The ability of lentiviruses to continually evolve and escape immune control is the central impediment in developing an effective vaccine for HIV. The proposed studies will use the well-characterized equine infectious anemia virus (EIAV) model to identify virus factors important in the evolution and selection of immune escape variants during progression of lentiviral disease. The lifelong persistence of virus in vivo is a function of its ability to evade immune recognition and elimination as well as its ability to replicate, i.e. its replicative capacity. The overall goal of these studies is to determine if changes in the host immune environment during progression of disease reproducibly select for virus variants with altered replicative capacity.
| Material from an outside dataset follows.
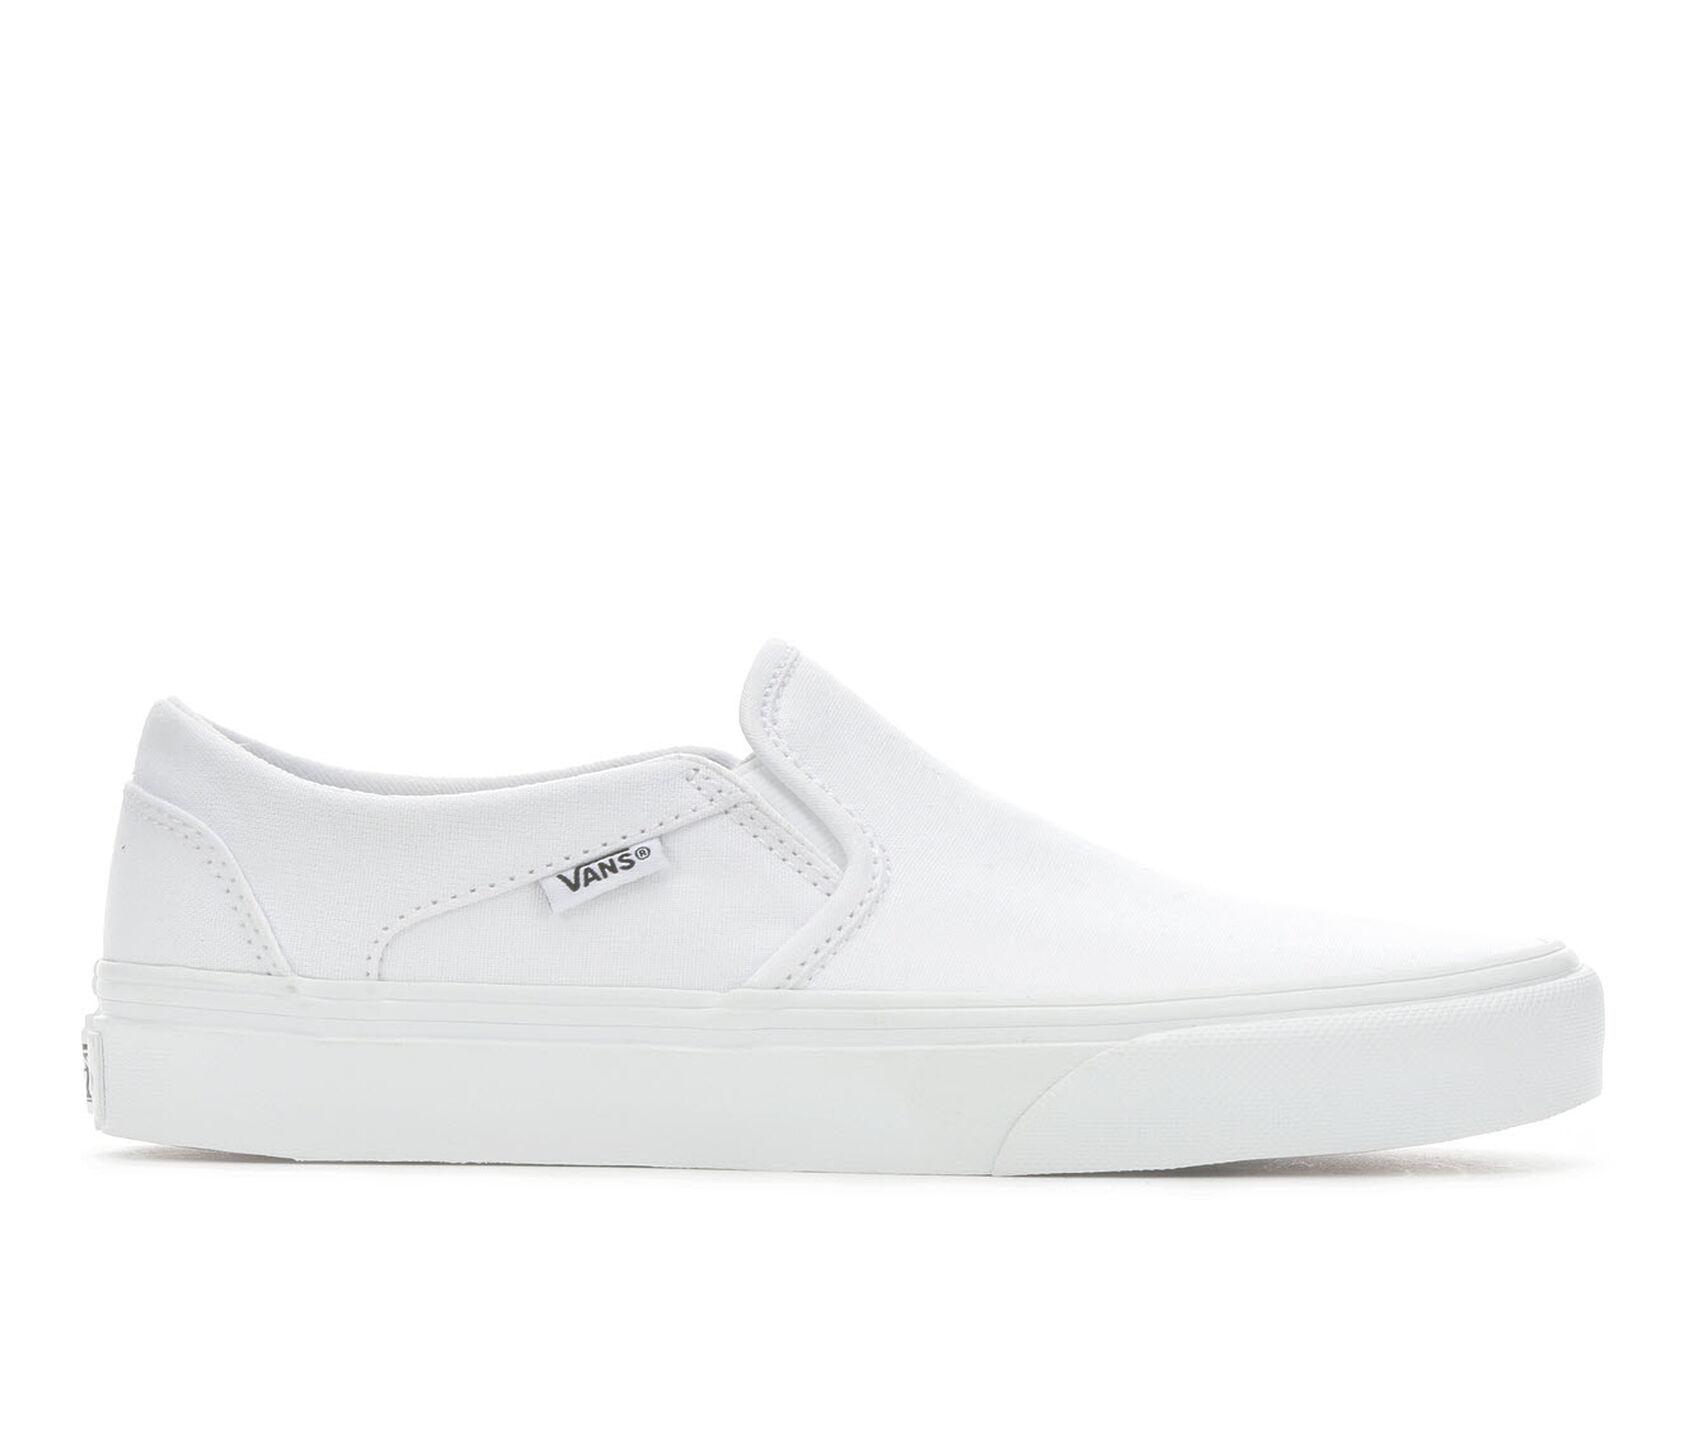 ba2bb9c74921 Women's Vans Asher Slip-On Skate Shoes | Shoe Carnival
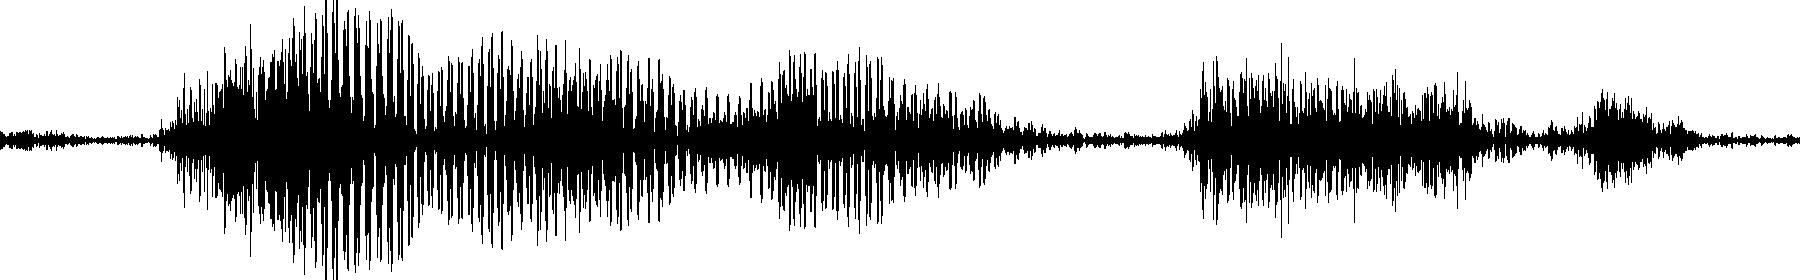 whiterabbit

Specifically, we propose test the hypothesis that genetic changes in Rev and SU during progression of disease contribute to evasion of broadly neutralizing antibody and CTL at a cost in virus replicative capacity.
The first aim will determine if env/rev genotypes that predominate at sequential stages of EIAV disease differ in replication phenotype. Infectious clones containing dominant env/rev genotypes representative of each stage of disease will be tested for replicative capacity in growth kinetic and growth competition assays, and the relative fitness of pairs of variants will be estimated.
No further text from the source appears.